- DATA SEGMENT
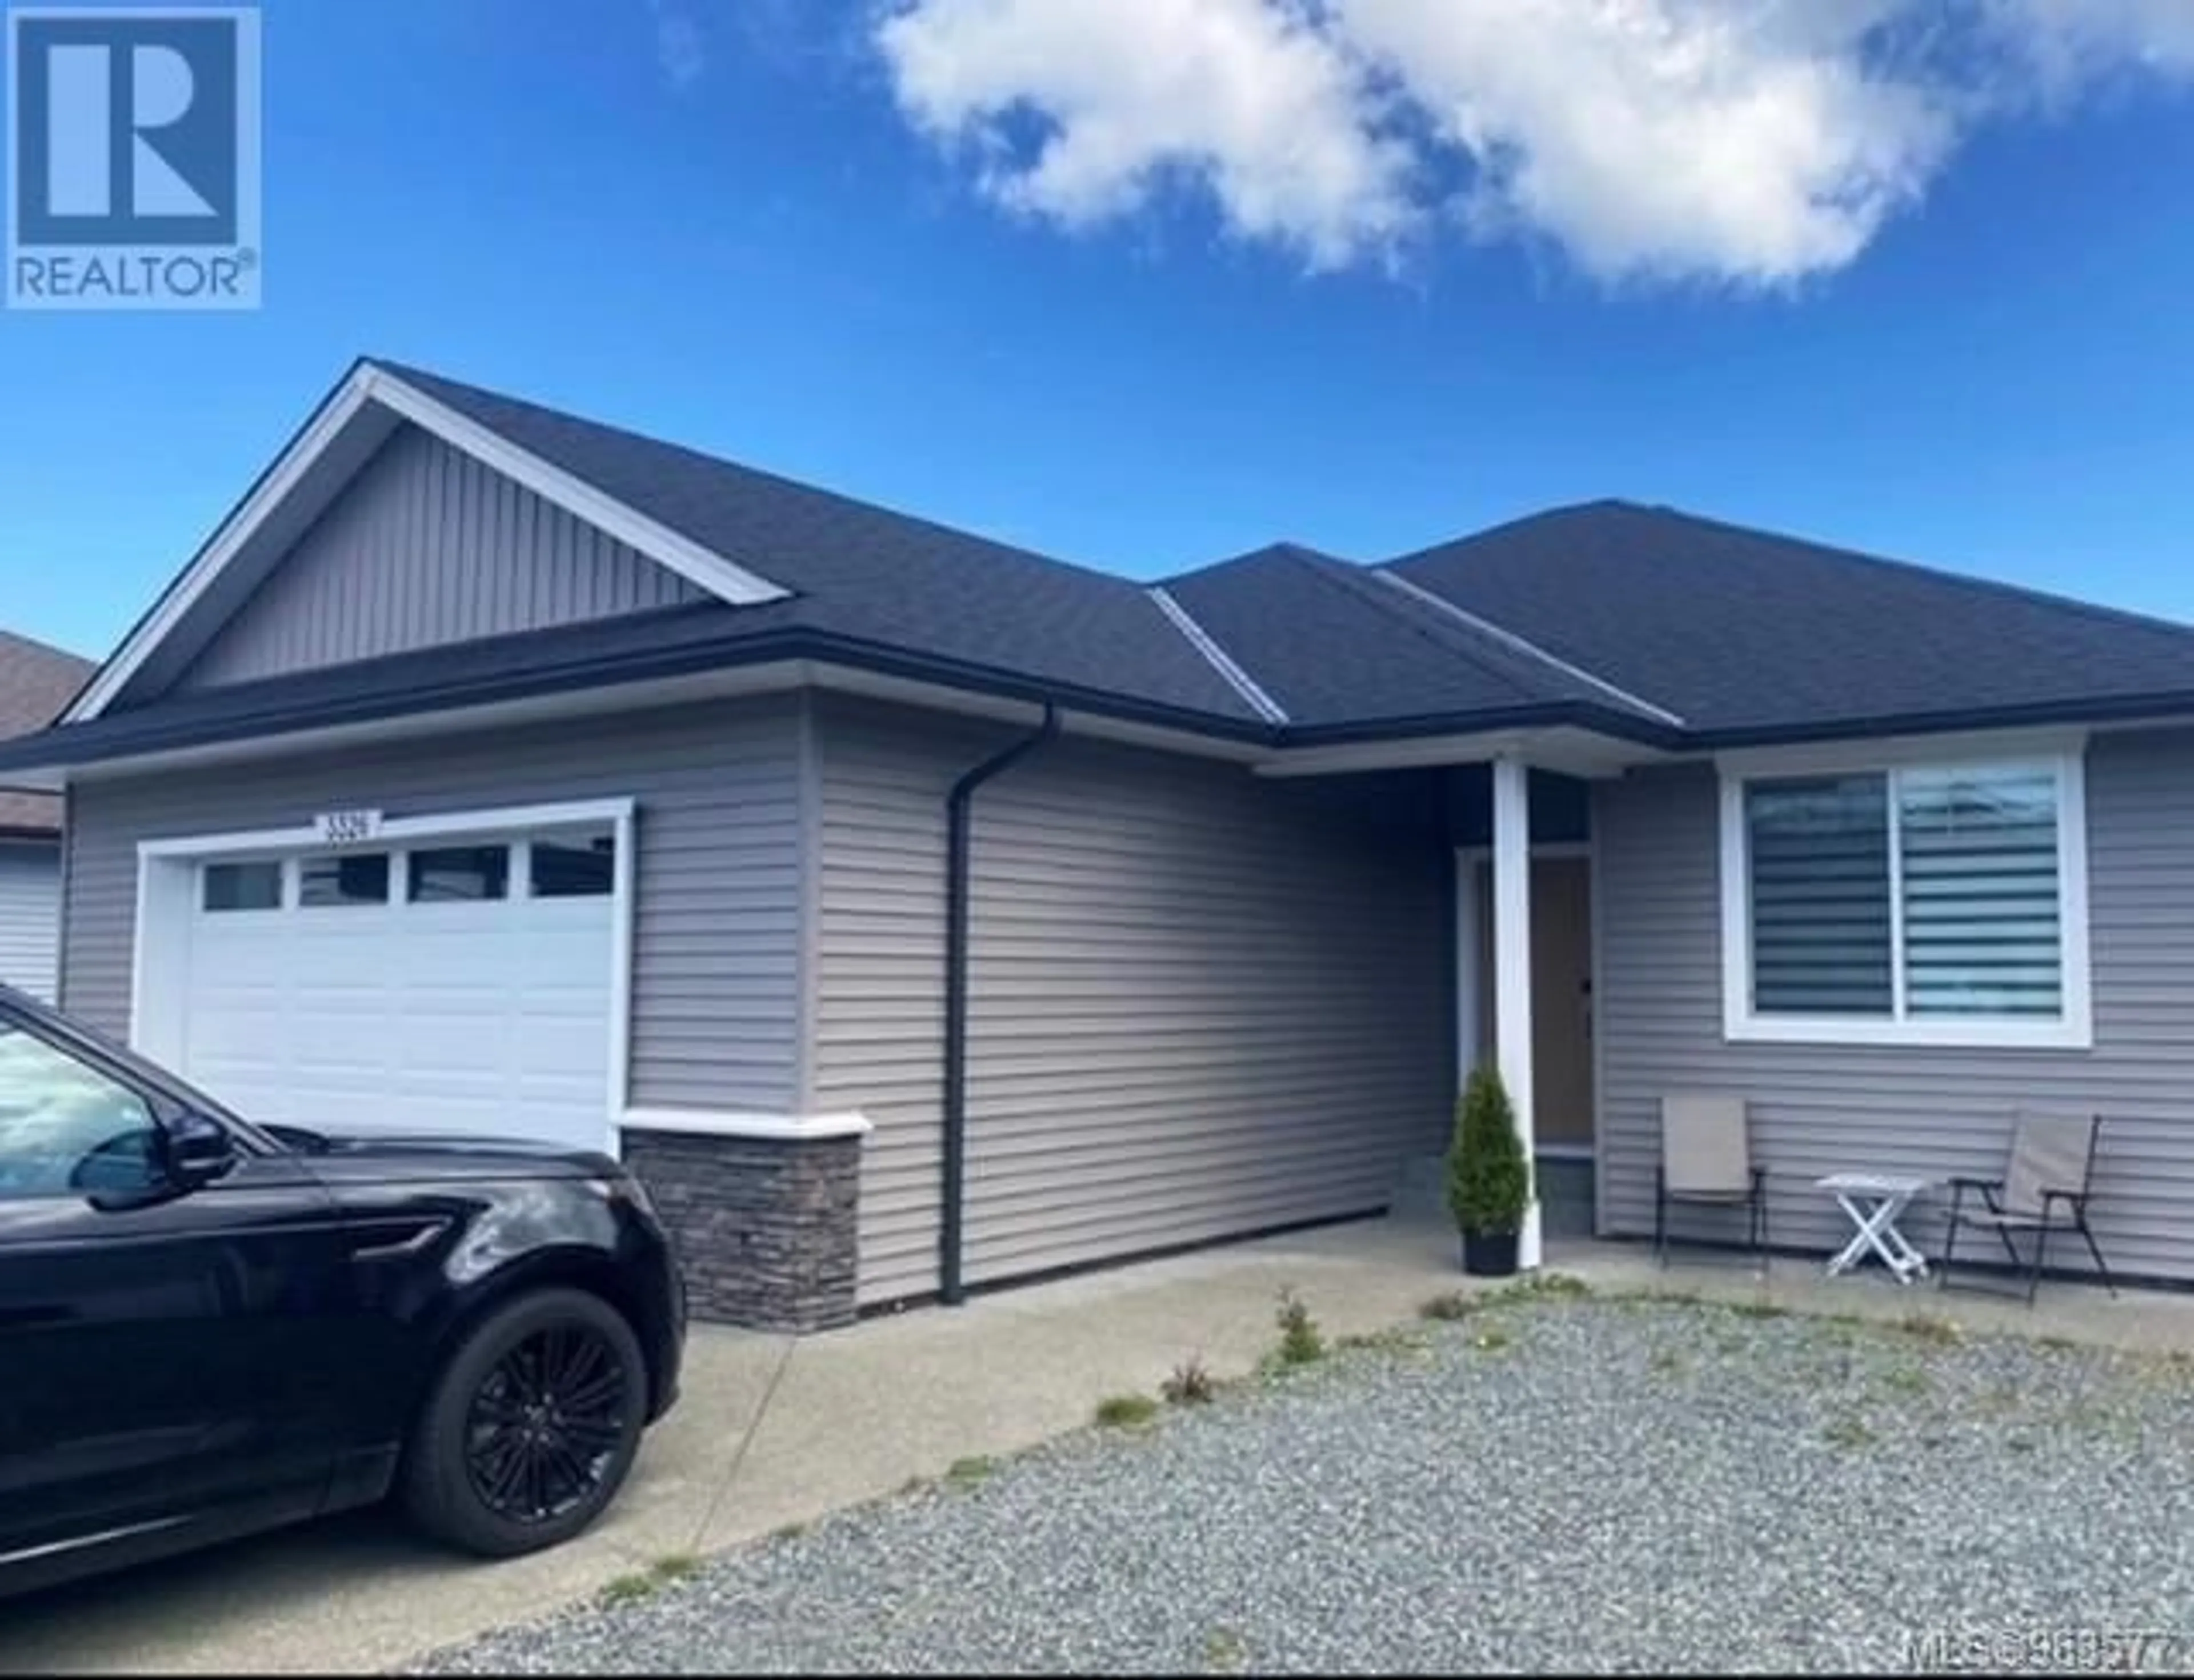 Frontside or backside of a home for 3326 Solport St, Cumberland British Columbia V0R1S0
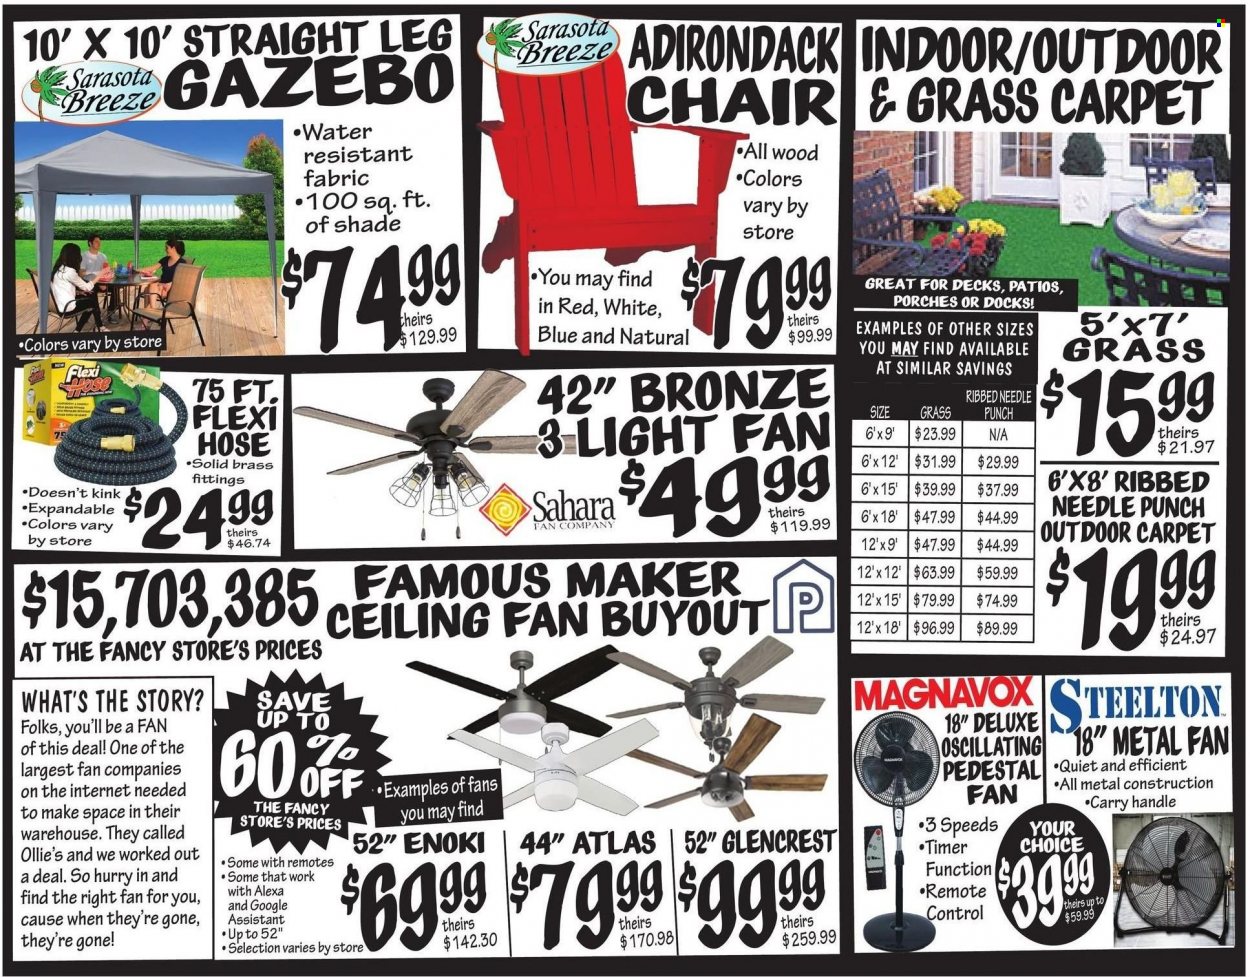 Ollie's Bargain Outlet ad  - 07.06.2022 - 08.11.2022.
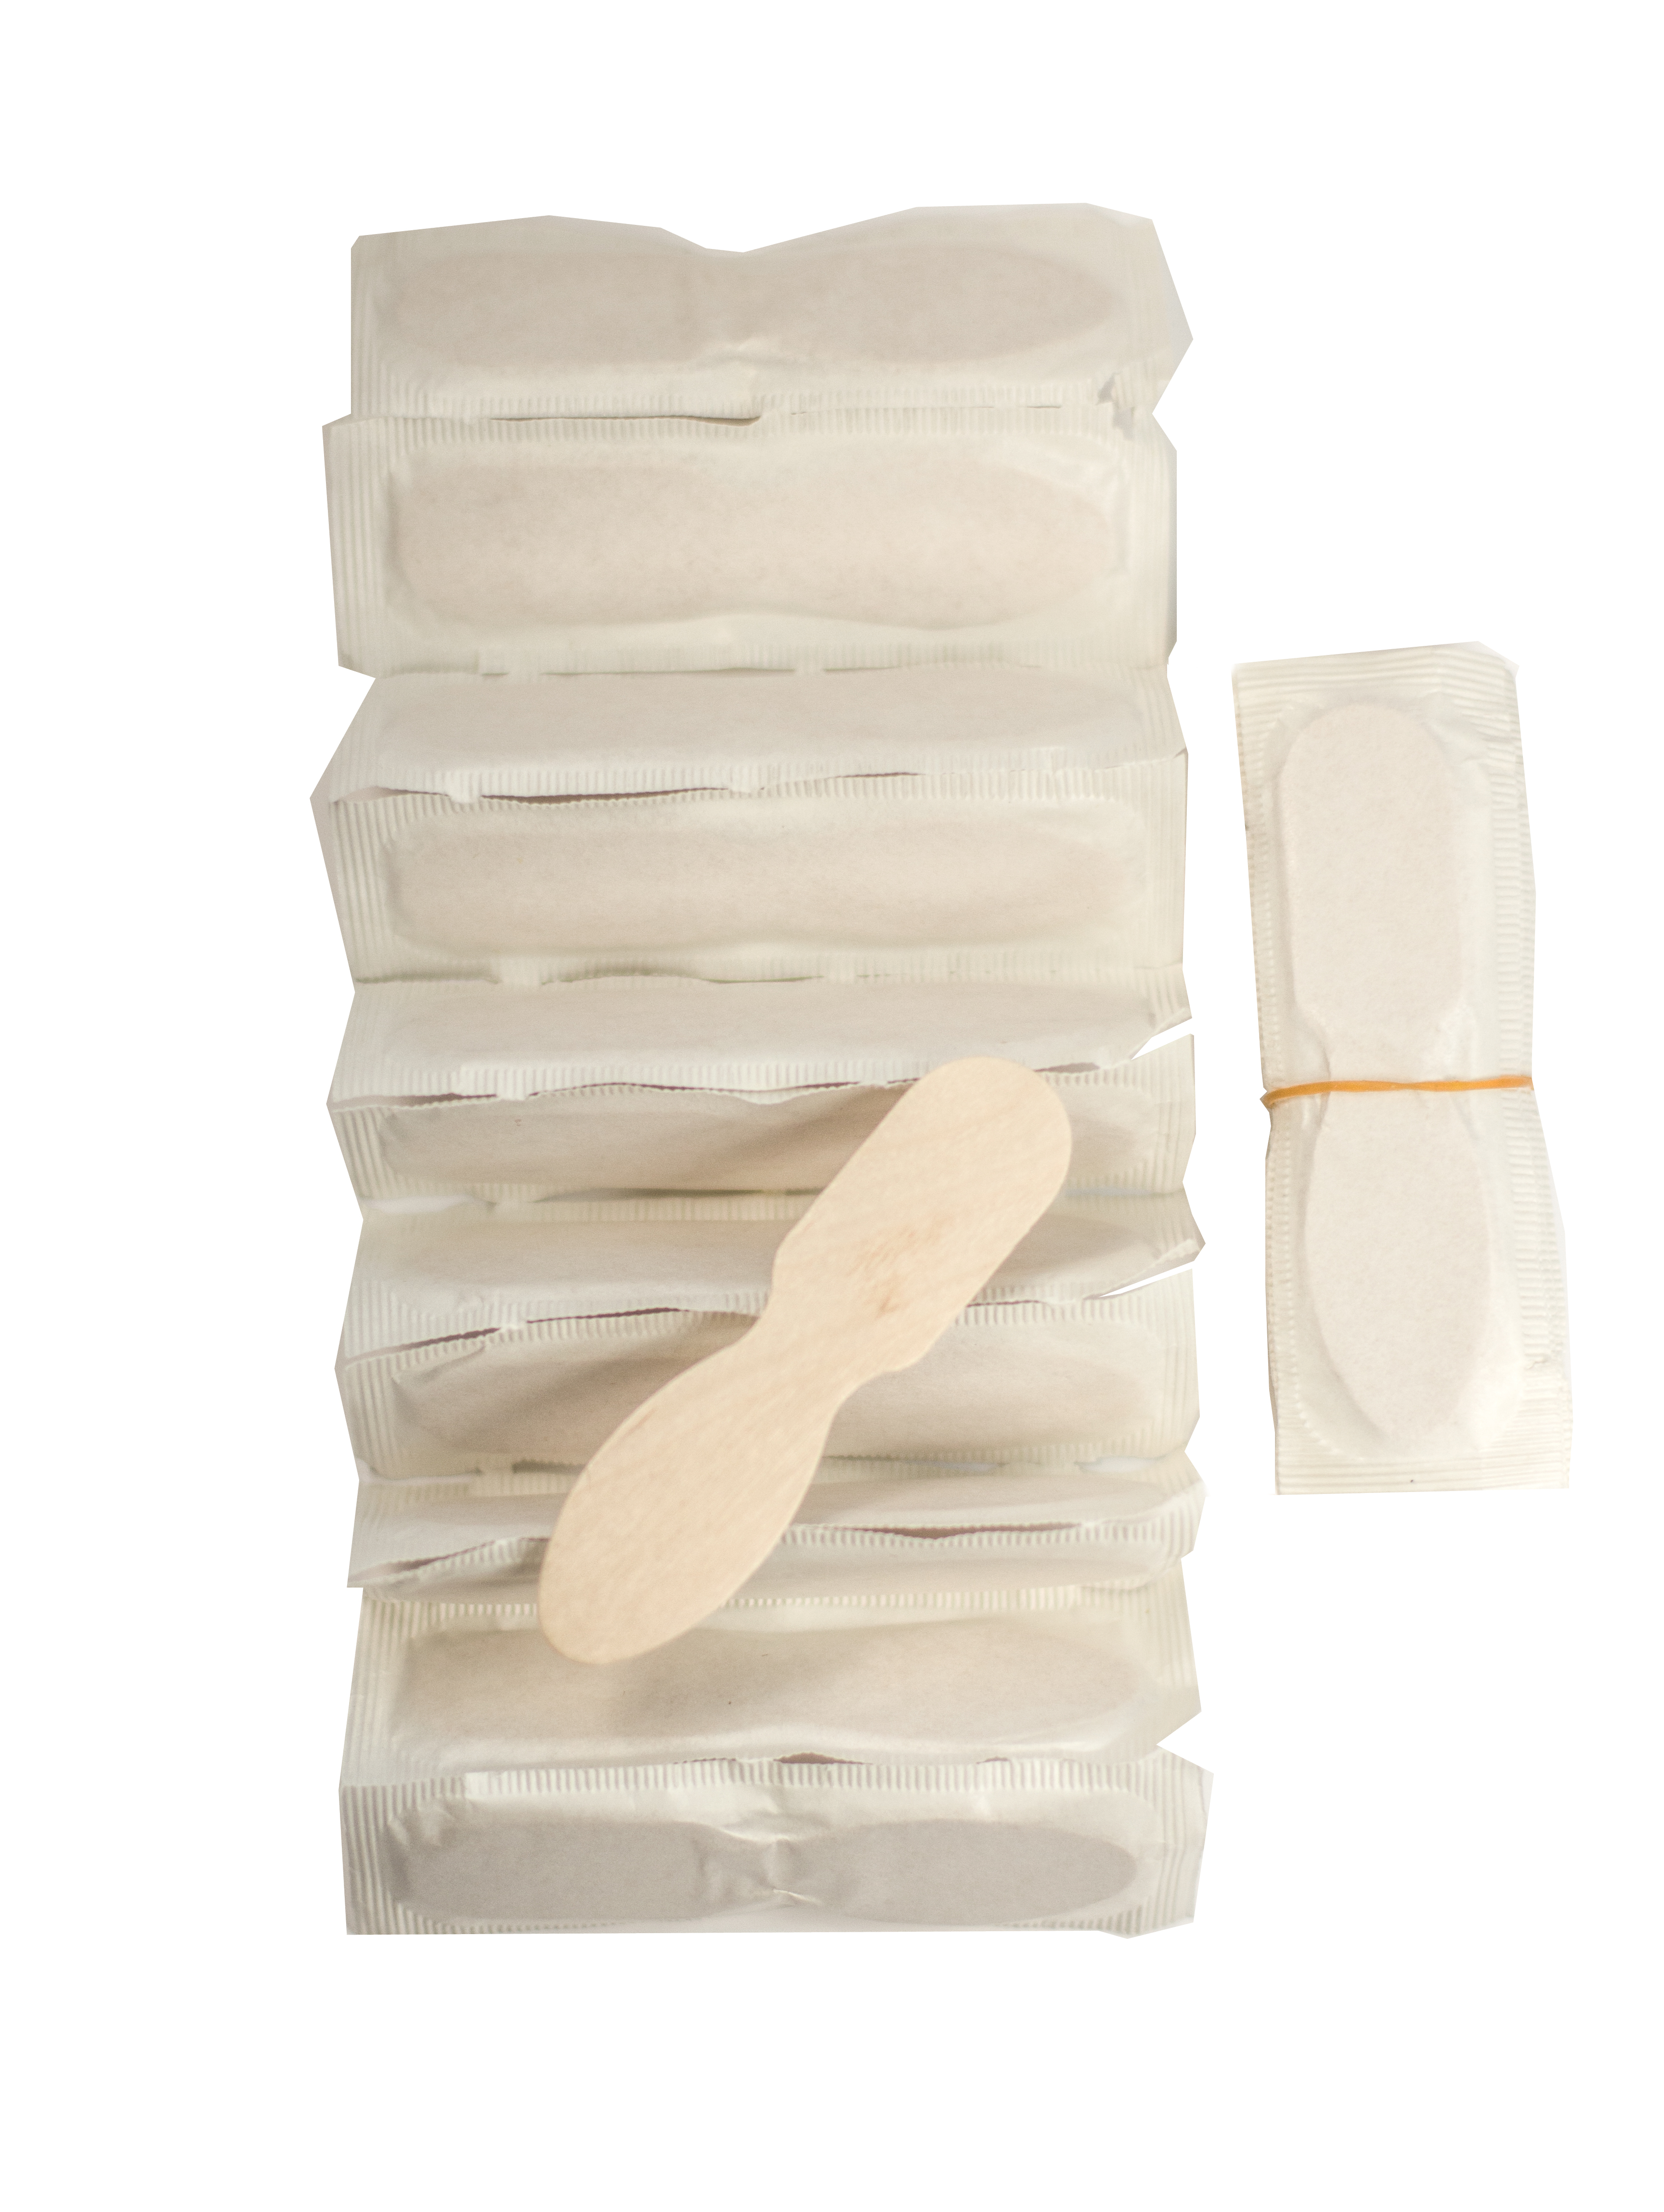 3" Plain 12 Pack Taster Spoons Paper Wrapped Individually Case of 12 pk/900ct = 10,800ct (Item# ASO24W12P)

- REQUIREMENT
Give the data again exactly as it stands, apart from the pictures.

- ANSWER BELOW
 Frontside or backside of a home for 3326 Solport St, Cumberland British Columbia V0R1S0
 Ollie's Bargain Outlet ad  - 07.06.2022 - 08.11.2022.
 3" Plain 12 Pack Taster Spoons Paper Wrapped Individually Case of 12 pk/900ct = 10,800ct (Item# ASO24W12P)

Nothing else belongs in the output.